Cluster munitions, according to the Red Cross, are “weapons consisting of a container that opens in the air and scatters explosive submunitions or “bomblets” over a wide area. Depending on the model, the number of submunitions can vary from several to more than 600. Cluster munitions can be delivered by aircraft, artillery and missiles.”
In 2007, 46 nations – not including the United States – pledged not to use cluster munitions, due to the belief that the munitions’ ability to rest unknown in an area for years and then explode when disturbed “cause unacceptable harm to civilians.”

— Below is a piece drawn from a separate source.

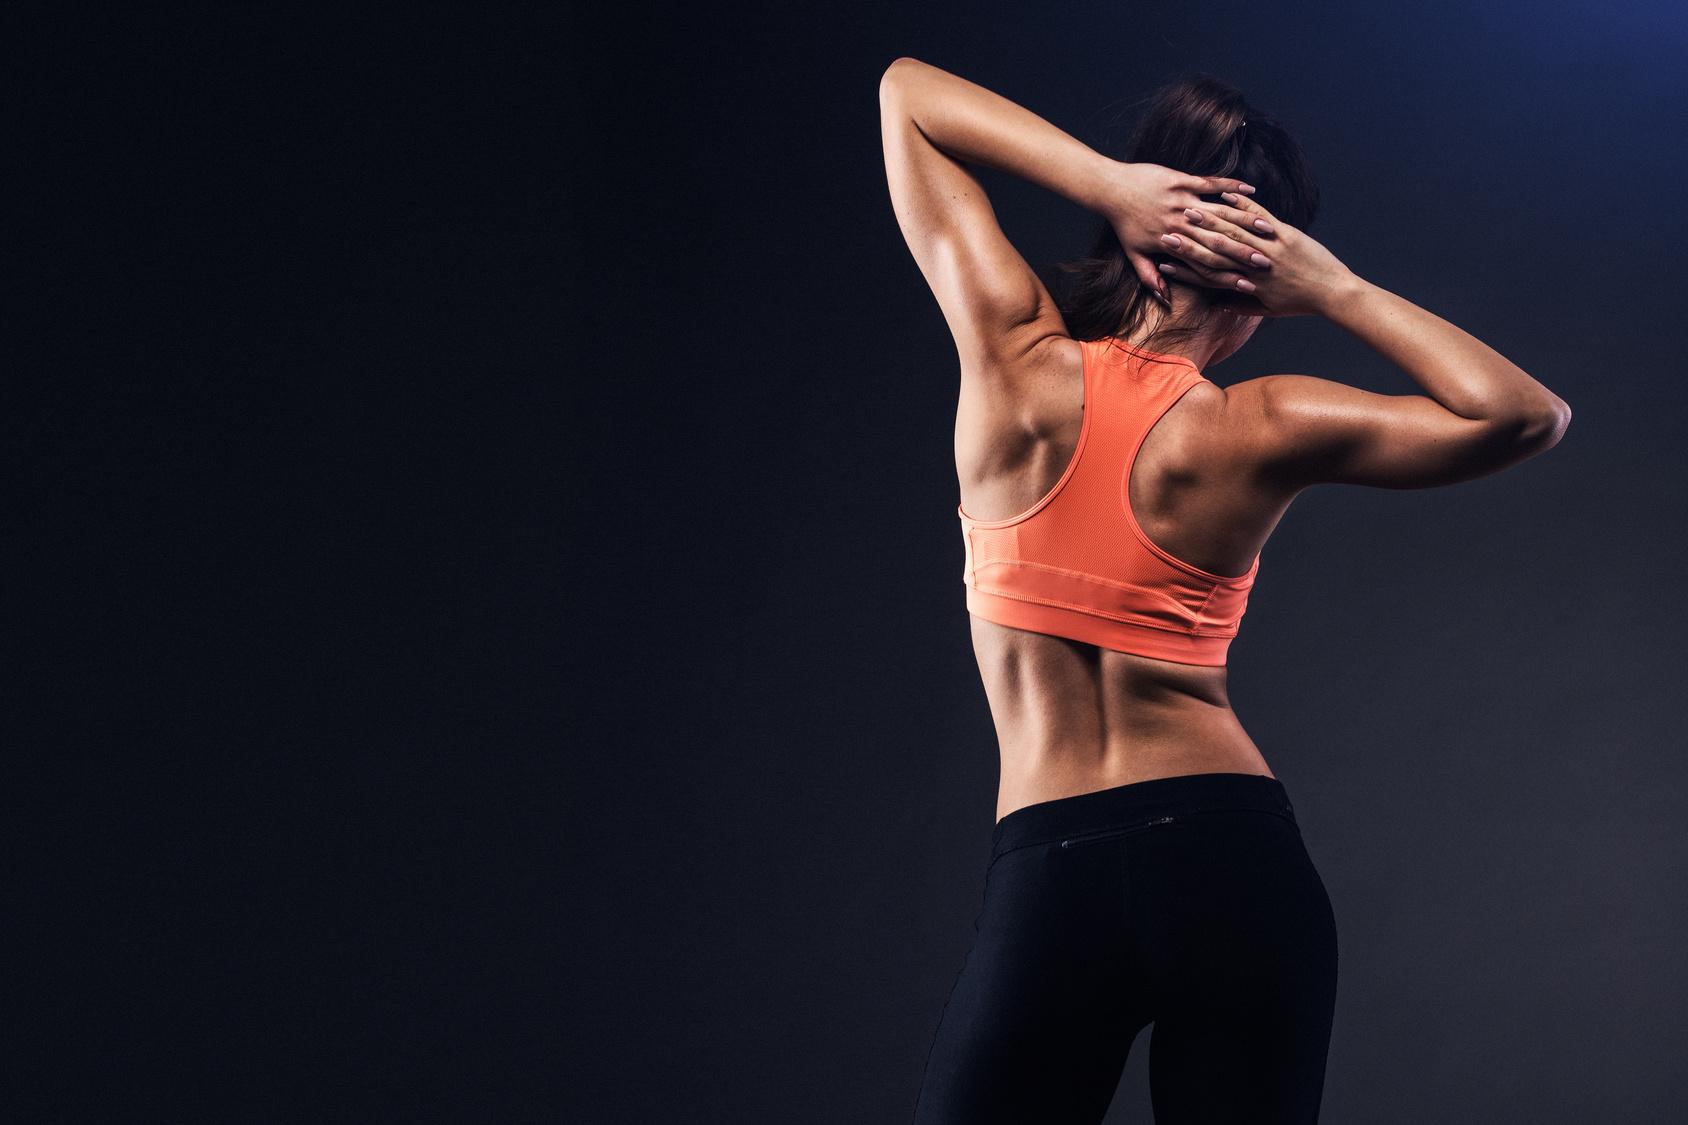 Frau mit starkem Rücken

Eglin Air Force Base entered the news twice earlier this year for its attempts to remove unexploded ordnance in the area surrounding the base. In February, the base reported that it would remove an unexploded bomb from Choctawhatchee Bay after it was found.
Last month, Eglin announced it would explode two more bombs it found in a local bayou.
Eglin Air Force Base entered military service in the 1930s as Valparaiso Gunnery Range – an area designated by the military as a place that pilots would practice their machine gunning and bombing skills in the leadup to America’s entry into the Second World War.
The Army Air Corps named the field after Lieutenant Colonel Frederick Irving Eglin, a Swiss immigrant and orphan who earned a commission and his pilots wings after the First World War and a collegiate football career at Wabash College.